> SUPPLIED ENTRIES

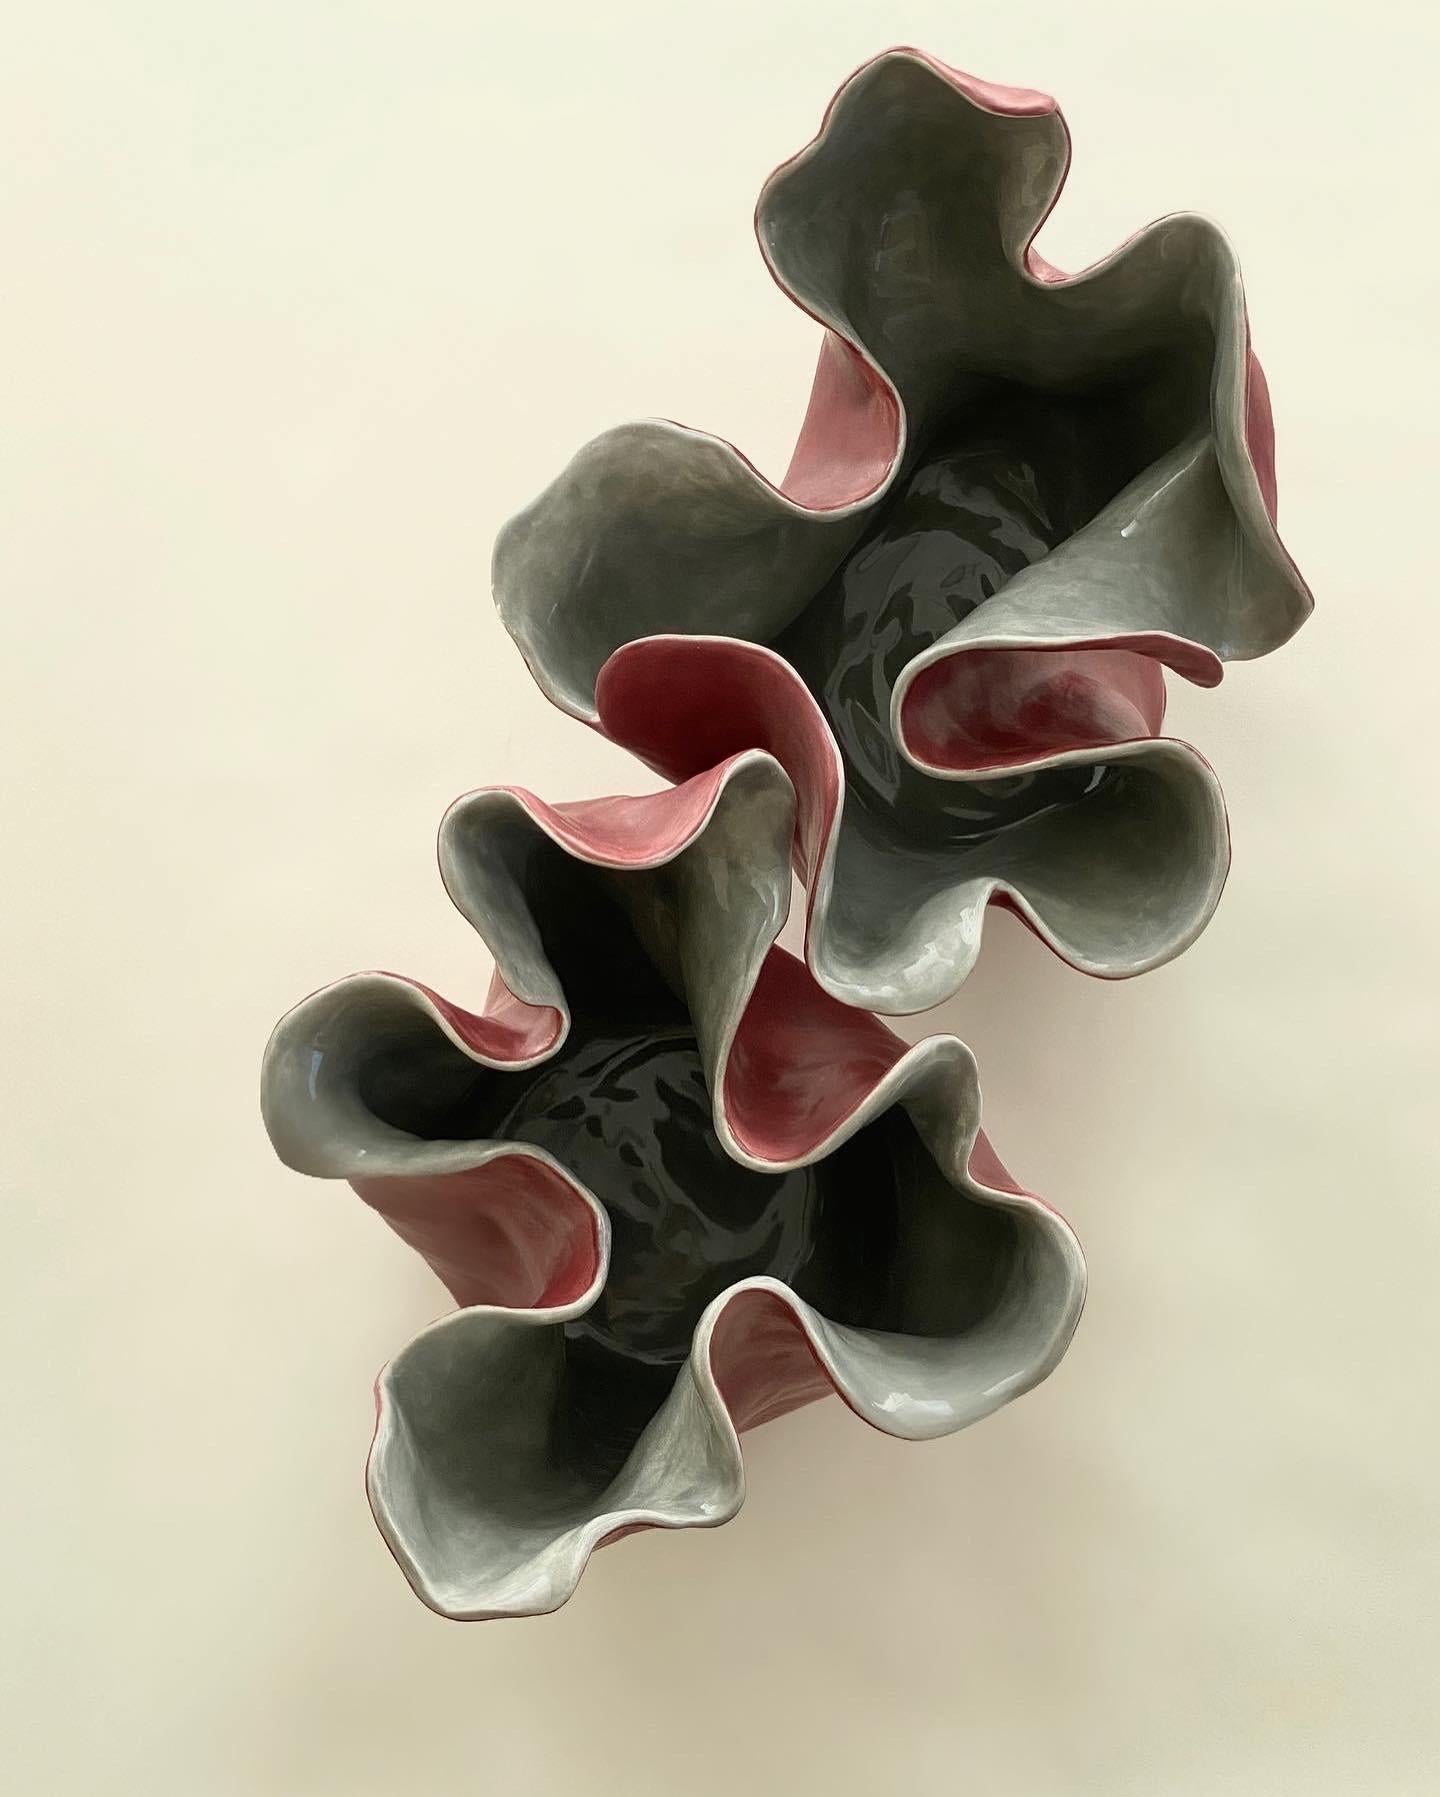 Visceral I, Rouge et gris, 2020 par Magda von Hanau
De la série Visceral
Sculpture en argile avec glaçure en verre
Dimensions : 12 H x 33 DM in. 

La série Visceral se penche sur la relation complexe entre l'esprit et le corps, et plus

==

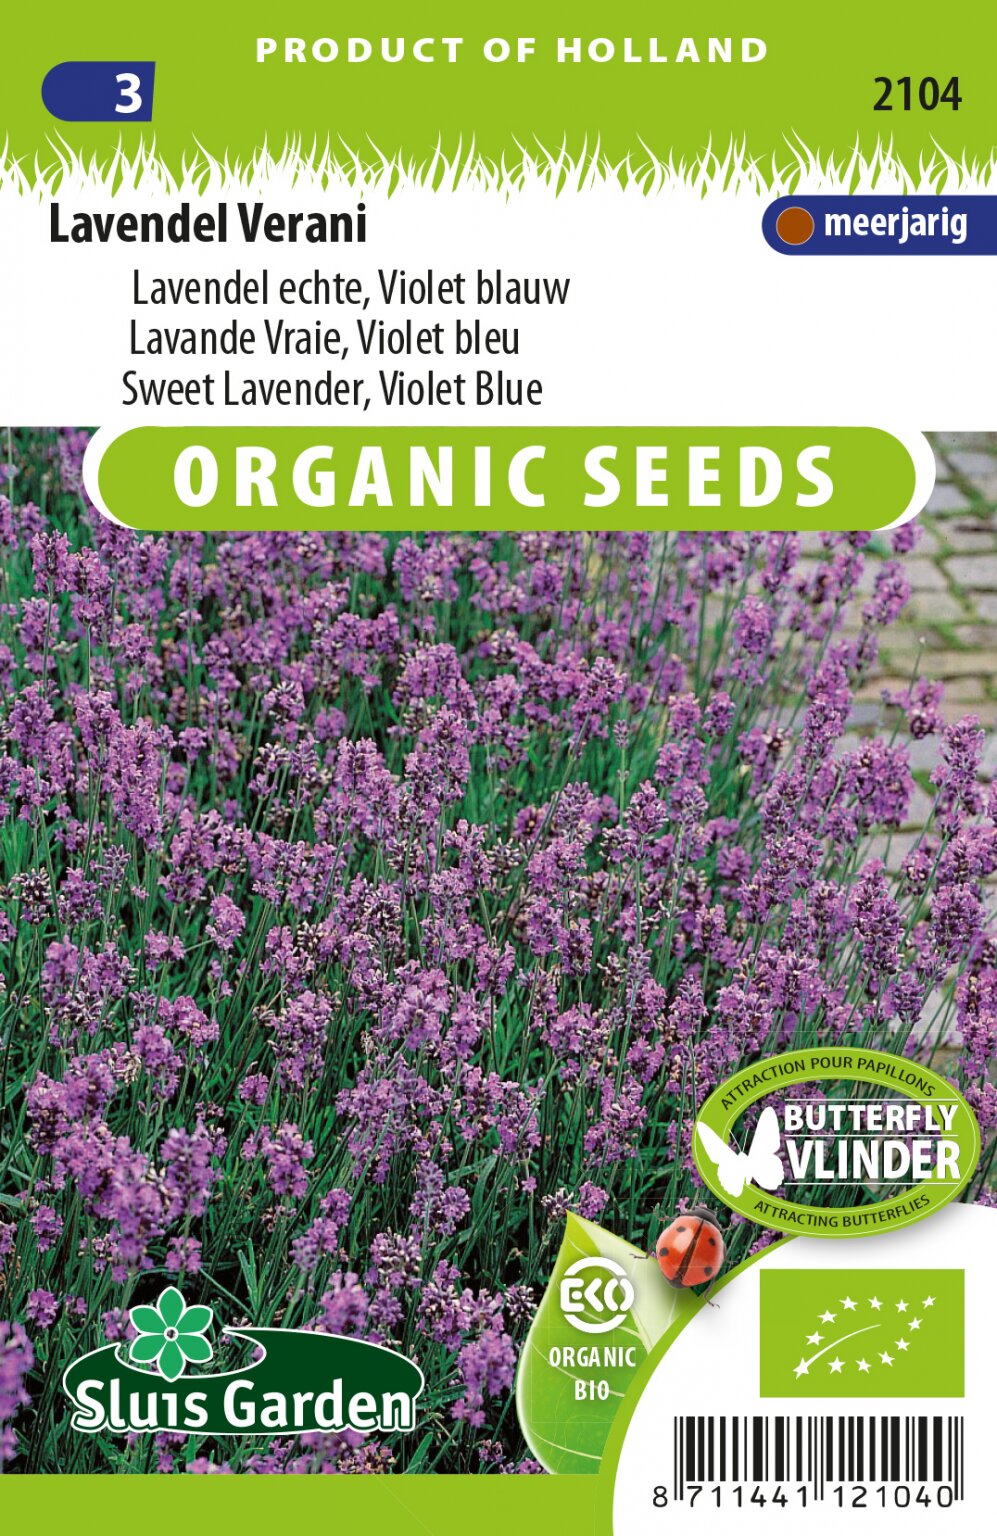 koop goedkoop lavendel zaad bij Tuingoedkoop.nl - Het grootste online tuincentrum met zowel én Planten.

> WORK TO COMPLETE
Copy out, exactly and alone, the lines of the entries above between the ones holding "Sculpture en argile avec glaçure en verre" and "La série Visceral se", inclusive.

> ANSWER TO THIS PROBLEM
Sculpture en argile avec glaçure en verre
Dimensions : 12 H x 33 DM in. 

La série Visceral se penche sur la relation complexe entre l'esprit et le corps, et plus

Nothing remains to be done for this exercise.